William, I'll take your analysis one step further. Your analysis makes no sense. The following is what you SHOULD have done, which shows the strength of ONSL's concept.
1. There were 232,000 orders in 4th quarter, of which 169,360 were to repeat customers. So 62,640 of the orders were to new customers
2. There were 418,000 registered bidders at end of 4th quarter, up 30% from prior quarter. So there were 321,538 bidders at end of 3rd quarter and therefore 96,462 new customers were added in 4th quarter.
3. These 96,262 new customers made 62,640 orders in the 4th quarter, which is .65 orders for each new customer (62,640/96,262 = .65).
4. Let's assume that the "repeat" orders all came from the customers who already existed before 4th quarter. (I think this is the correct way to think of it. If anyone else has another idea, please share it.) The repeat customers made 169,360 orders in the 4th quarter, which is .53 orders for each pre-existing customer (169,360/321,538 = .53).

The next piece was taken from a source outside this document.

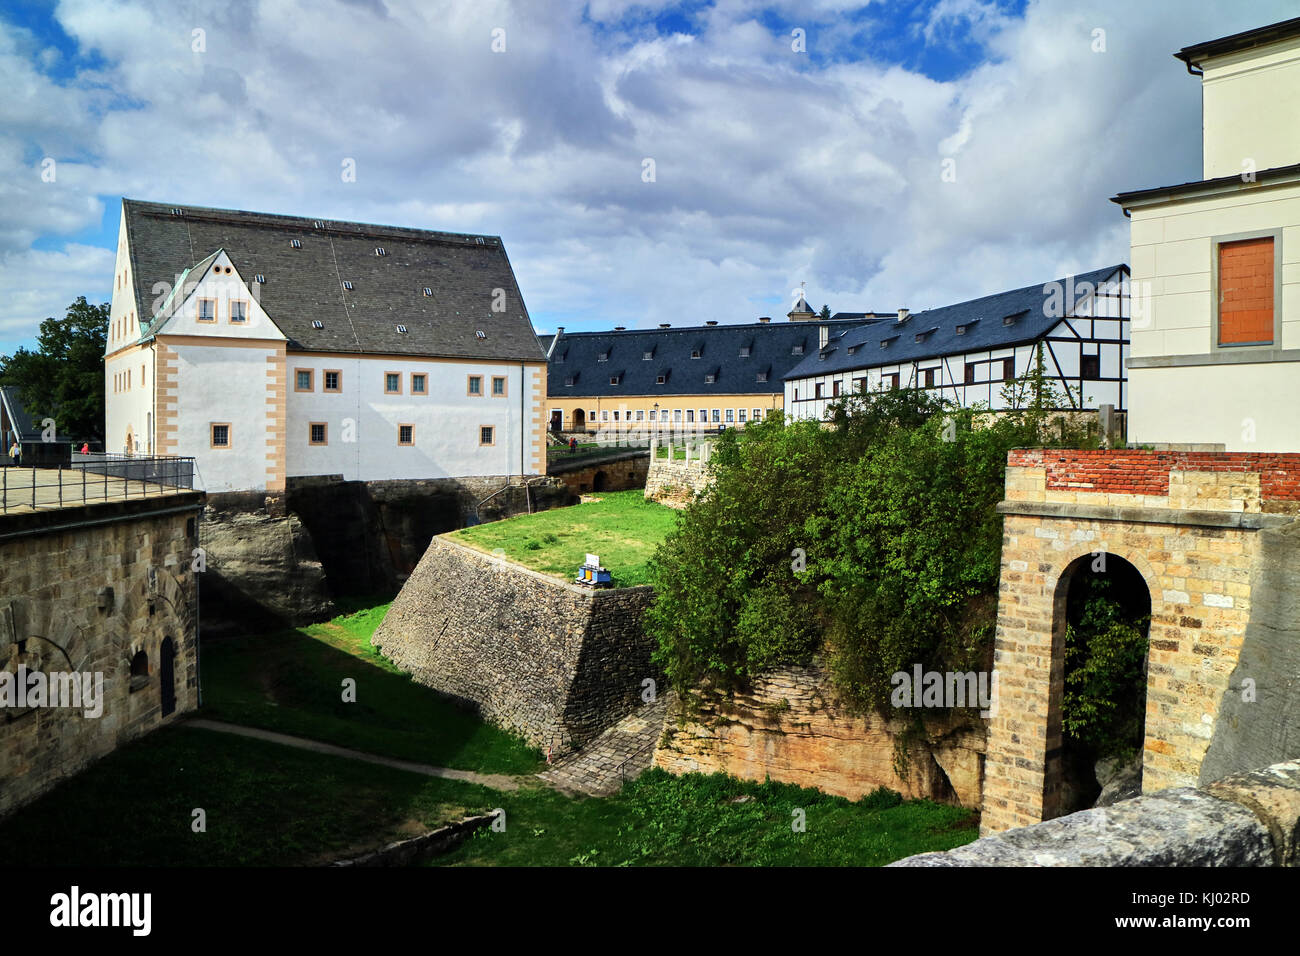 En Europa, Alemania, Sajonia, Königstein Fortaleza (Alemán: Festung Königstein), el 'Saxon Bastille", es una fortaleza en la cima de la colina, cerca de Dresden, en la suiza sajona, Alemania, por encima del pueblo de Königstein, en la orilla izquierda del río Elba. Es una de las mayores fortificaciones en la cima de la montaña en Europa y se asienta sobre la tabla colina del mismo nombre. Foto de stock

5. I would expect orders per customer to be higher for newly registered bidders (this is the .65 number) than for pre-existing bidders, since the reason someone probably registers in the first place is to place an order. However, the orders per customer for pre-existing customers is also very high, .53, which shows the loyalty of ONSL's customer base and the health of their business.